MiXCR can separate clones with equal clonal sequence and different V, J and C (e.g. do distinguish clones with different IG isotype) genes. Additionally, to make analysis more robust to sequencing errors there is an additional pre-clustering step to shrink artificial diversity generated by this separation mechanism (see maximalPreClusteringRatio option).

-OmaximalPreClusteringRatio=1.0
more abundant clone (clone1) absorbs smaller clone (clone2) if clone2.count < clone1.count * maximalPreClusteringRatio (cloneX.count denotes number of reads in corresponding clone) and clone2 contain top V/J/C gene from clone1 in it’s corresponding gene list.
-OseparateByV=false
if false clones with equal clonal sequence but different V gene will be merged into single clone.
-OseparateByJ=false
if false clones with equal clonal sequence but different J gene will be merged into single clone.
-OseparateByC=false
if false clones with equal clonal sequence but different C gene will be merged into single clone.

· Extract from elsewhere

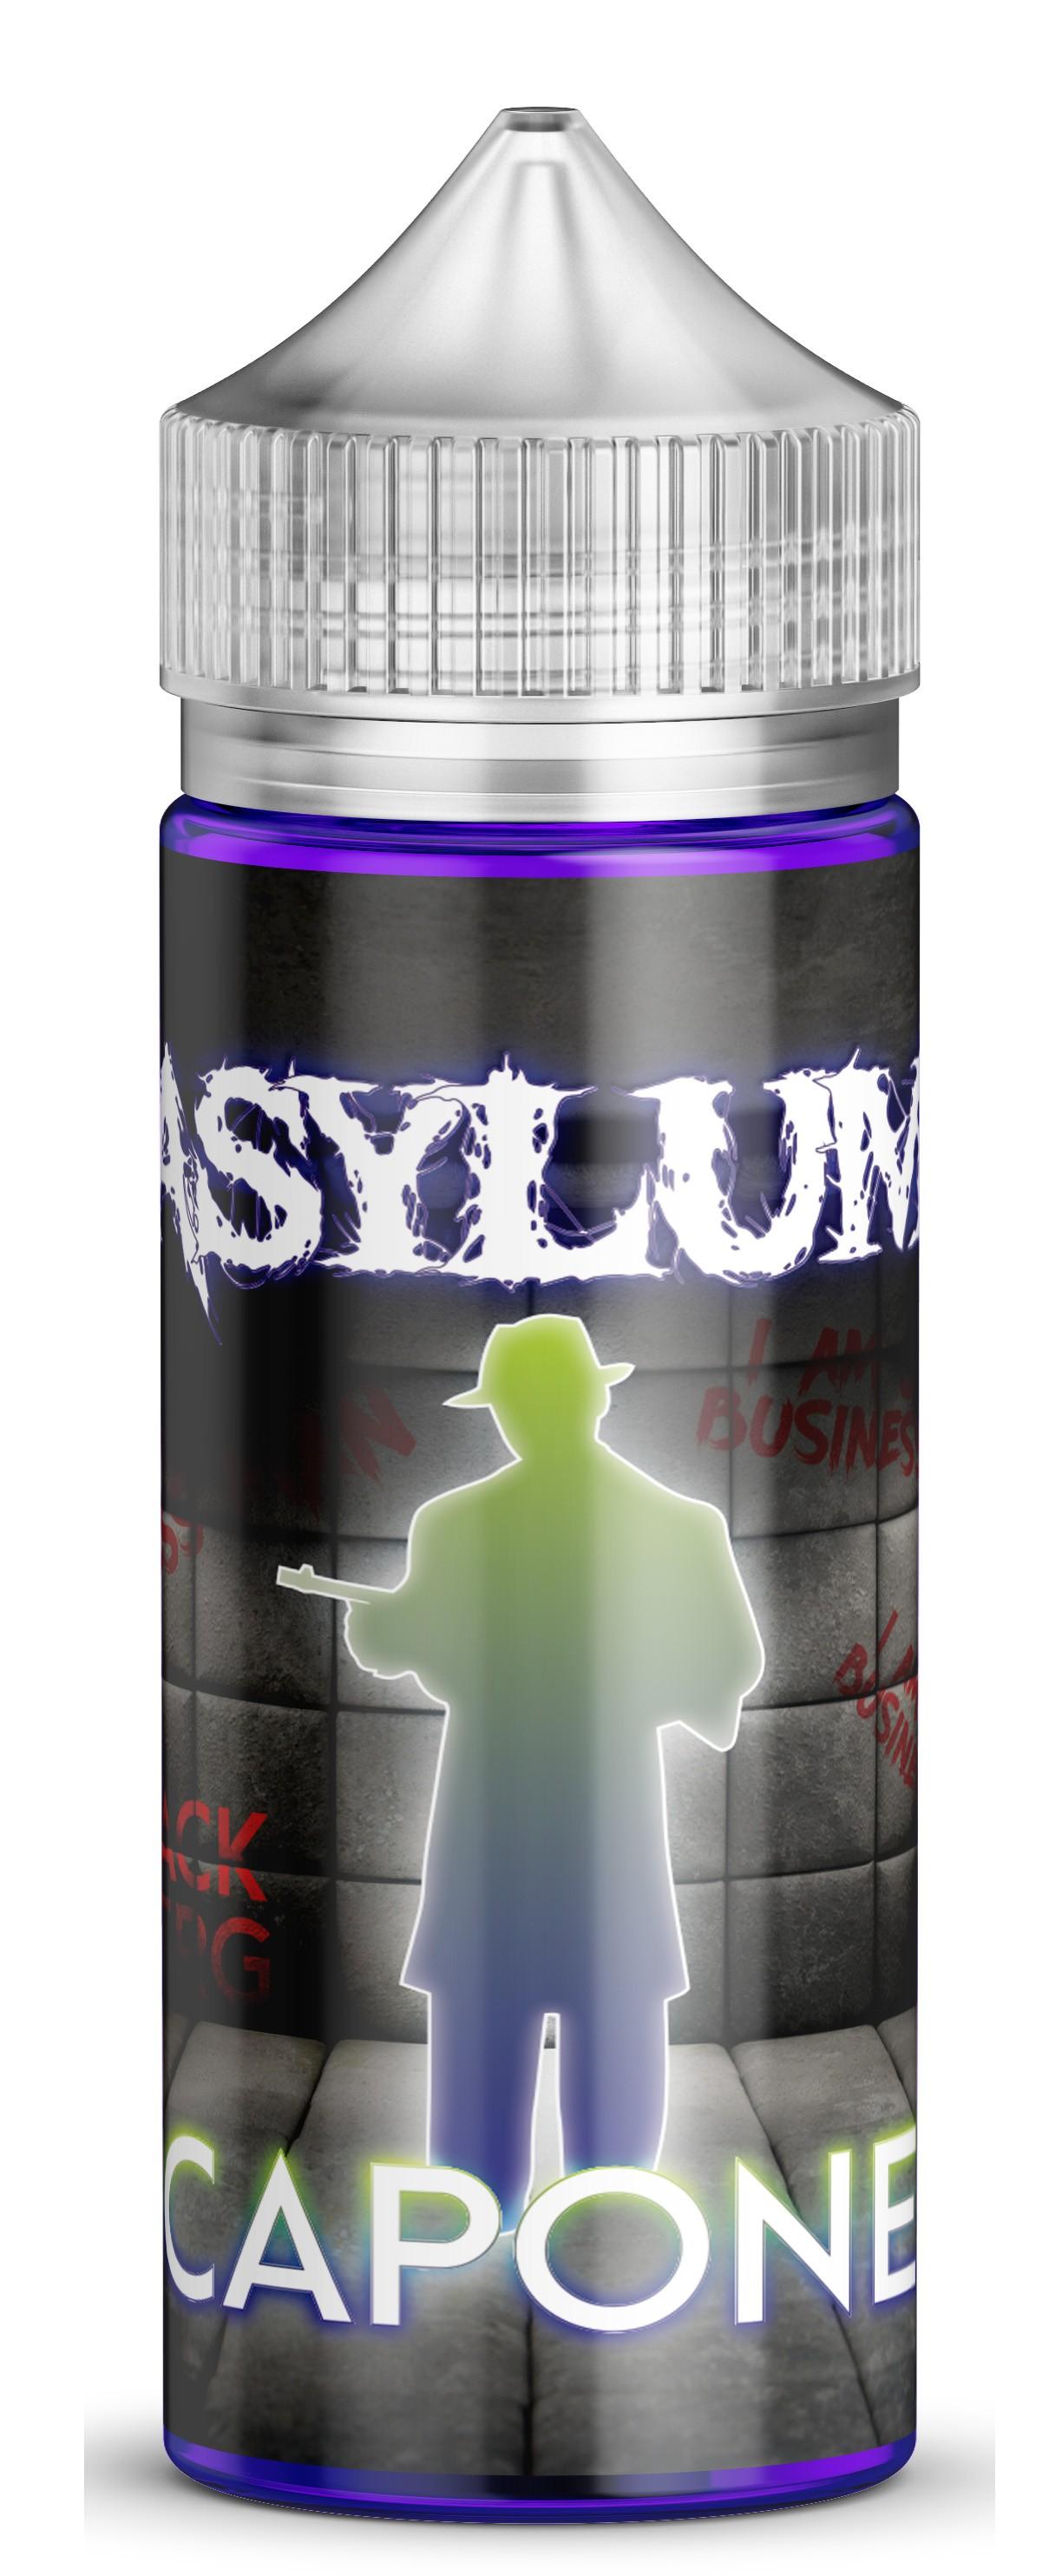 Capone - Asylum 100ml
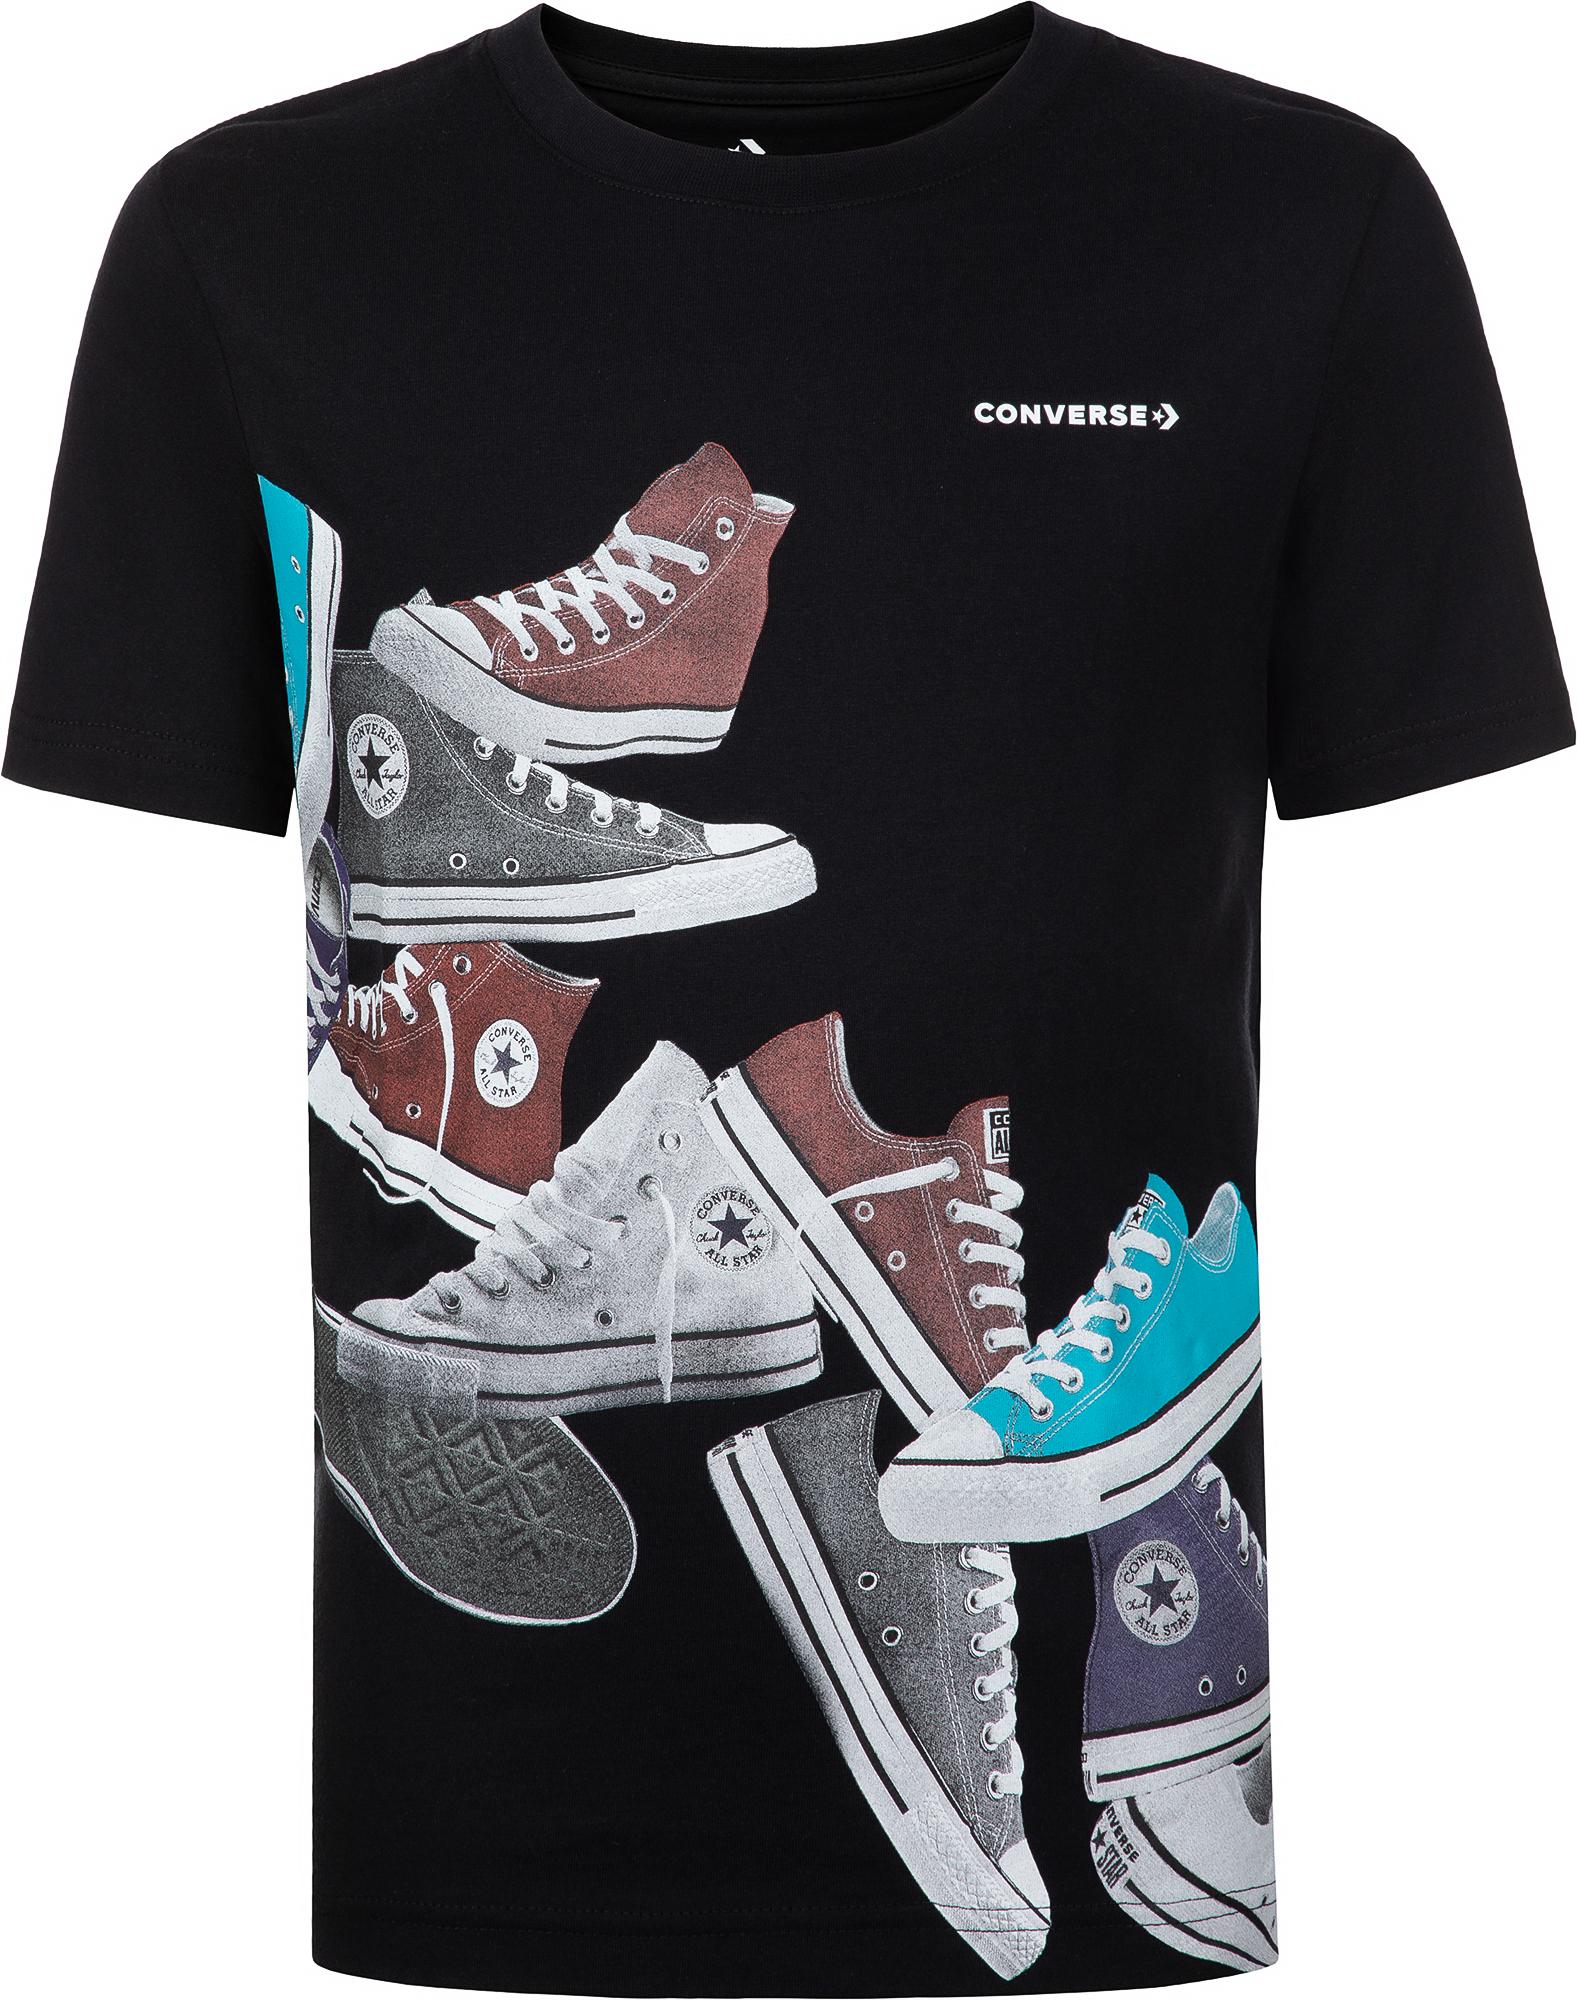 Фото - Converse Футболка для мальчиков Converse Ascending sneakers, размер 128 футболка converse tilted star chevron tee

Usage example: separate IG clones by isotypes:

> mixcr assemble -OseparateByC=true alignments.vdjca output.clns


## Clustering parameters

Parameters that control clustering procedure and determines the rules for the frequency-based correction of PCR and sequencing errors:

-OcloneClusteringParameters.searchDepth=2
Maximum number of cluster layers (not including head).
-OcloneClusteringParameters.allowedMutationsInNRegions=1
Maximum allowed number of mutations in N regions (non-template nucleotides in VD, DJ or VJ junctions): if two fuzzy matched clonal sequences will contain more than allowedMutationsInNRegions mismatches in N-regions, they will not be clustered together (one cannot be a direct child of another).
-OcloneClusteringParameters.searchParameters=twoMismatchesOrIndels
Parameters that control fuzzy match criteria between clones in adjacent layers. Available predefined values: oneMismatch, oneIndel, oneMismatchOrIndel, twoMismatches, twoIndels, twoMismatchesOrIndels, ..., fourMismatchesOrIndels. By default, twoMismatchesOrIndels allows two mismatches or indels (not more than two errors of both types) between two adjacent clones (parent and direct child).
-OcloneClusteringParameters.clusteringFilter.specificMutationProbability=1E-3
Probability of a single nucleotide mutation in clonal sequence which has non-hypermutation origin (i.e. PCR or sequencing error). This parameter controls relative counts between two clones in adjacent layers: a smaller clone can be attached to a larger one if its count smaller than count of parent multiplied by (clonalSequenceLength * specificMutationProbability) ^ numberOfMutations

Usage example: change maximum allowed number of mutations:

> mixcr assemble -OcloneClusteringParameters.searchParameters=oneMismatchOrIndel alignments.vdjca output.clns


Turn clustering off:

> mixcr assemble -OcloneClusteringParameters=null alignments.vdjca output.clns


## Hardware recommendations

Assembly step is memory consuming. Reading and decompression of .vdjca file is handled in parallel and highly efficient way. MiXCR needs amount of RAM sufficient to store clonotype table in memory. In an exterme case of one million of full-length UMI-assembled clonotypes, it is recommended to supply at least 32GB of RAM. Speed almost does not scale with the increase of CPU.